The PIX may crash and reload due to a buffer overflow vulnerability while processing HTTP traffic requests for authentication using TACACS+ or RADIUS.
The Internetworking Terms and Acronyms online guide can be found at http://www.cisco.com/univercd/cc/td/doc/cisintwk/ita/index.htm. The Cisco Systems Terms and Acronyms online guide can be found at http://www.cisco.com/univercd/cc/td/doc/cisintwk/ita/cisco12.htm.

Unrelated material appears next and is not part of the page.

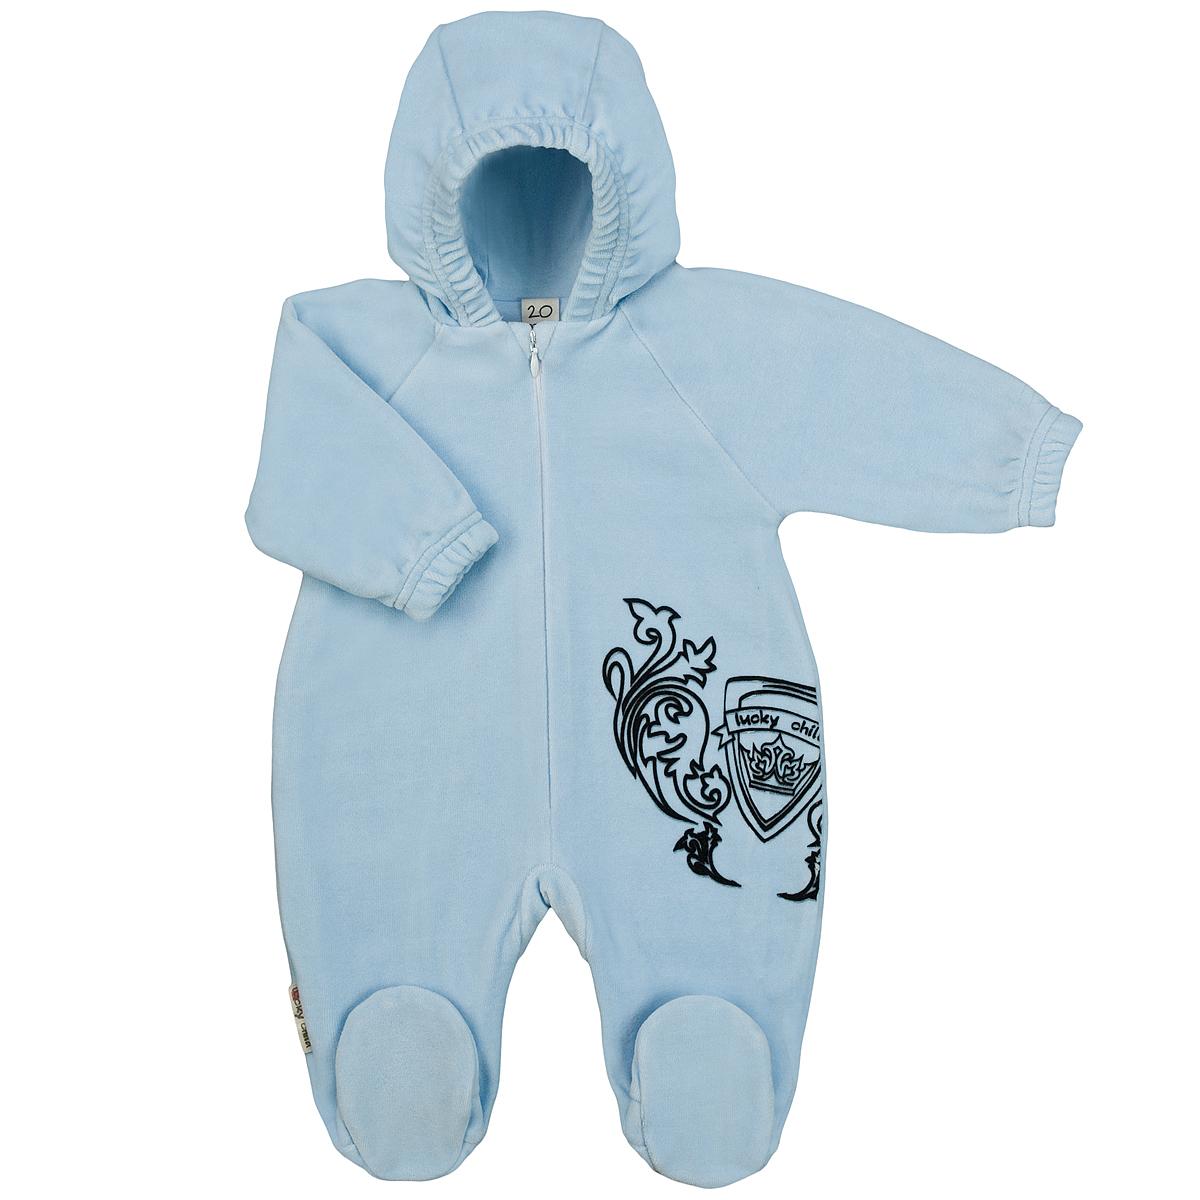 Комбинезон детский Lucky Child, цвет: голубой. 5-4. Размер 80/865-4Детский комбинезон с капюшоном Lucky Child - очень удобный и практичный вид одежды для малышей. Комбинезон выполнен из велюра на подкладке из натурального хлопка, благодаря чему он необычайно мягкий и приятный на ощупь, не раздражают нежную кожу ребенка и хорошо вентилируются, а эластичные швы приятны телу малышки и не препятствуют ее движениям. Комбинезон с длинными рукавами-реглан и закрытыми ножками по центру имеет потайную застежку-молнию, которая помогает легко переодеть младенца или сменить подгузник. Спереди он оформлен оригинальным принтом в виде логотипа бренда. Рукава понизу дополнены неширокими эластичными манжетами, которые мягко обхватывают запястья. С детским комбинезоном Lucky Child спинка и ножки вашего малыша всегда будут в тепле. Комбинезон полностью соответствует особенностям жизни младенца в ранний период, не стесняя и не ограничивая его в движениях!
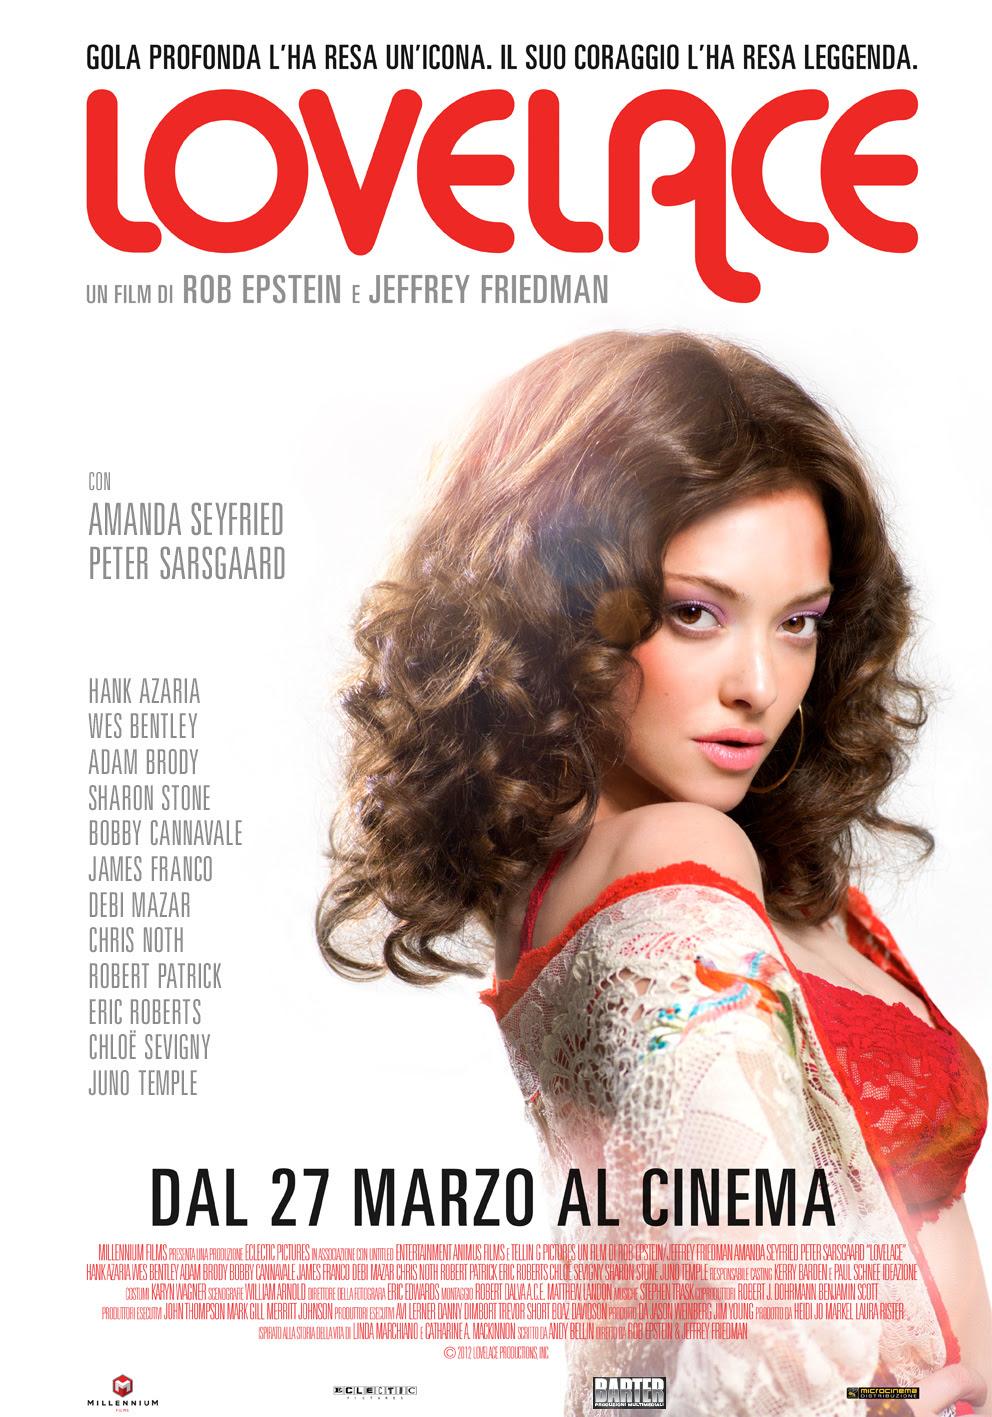 Lovelace: il trailer. La storia di Linda, protagonista di Gola Profonda VIDEO

These vulnerabilities are documented in the Bug Toolkit as Bug IDs CSCdv83490 and CSCdx35823, and can be viewed after 2002 November 21 at 1600 UTC. To access this tool, you must be a registered user and you must be logged in.
-
There are no workarounds for these vulnerabilities. The Cisco PSIRT recommends that affected users upgrade to a fixed software version of code.
-
DDTs—Description
Fixed Releases
CSCdv83490—While processing initial contact notify messages the PIX does not delete duplicate ISAKMP SAs with the peer.
6.0.4 and later
6.1.4 and later
6.2.1 and later
CSCdx35823—Buffer overflow while doing HTTP traffic authentication using TACACS+ or RADIUS.
5.2.9 and later
6.0.4 and later
6.1.4 and later
6.2.2 and later
The procedure to upgrade to the fixed software version is detailed at http://www.cisco.com/univercd/cc/td/doc/product/iaabu/pix/pix_sw/index.htm.
-
The Cisco PSIRT is not aware of any malicious use of the vulnerabilities described in this advisory.
These vulnerabilities were reported to PSIRT by Cisco engineering and customers.
-
To learn about Cisco security vulnerability disclosure policies and publications, see the Security Vulnerability Policy. This document also contains instructions for obtaining fixed software and receiving security vulnerability information from Cisco.
-
Revision 1.0
2002-Nov-20
Initial public release
-
THIS DOCUMENT IS PROVIDED ON AN "AS IS" BASIS AND DOES NOT IMPLY ANY KIND OF GUARANTEE OR WARRANTY, INCLUDING THE WARRANTIES OF MERCHANTABILITY OR FITNESS FOR A PARTICULAR USE. YOUR USE OF THE INFORMATION ON THE DOCUMENT OR MATERIALS LINKED FROM THE DOCUMENT IS AT YOUR OWN RISK. CISCO RESERVES THE RIGHT TO CHANGE OR UPDATE THIS DOCUMENT AT ANY TIME.
A stand-alone copy or paraphrase of the text of this document that omits the distribution URL is an uncontrolled copy, and may lack important information or contain factual errors. The information in this document is intended for end-users of Cisco products.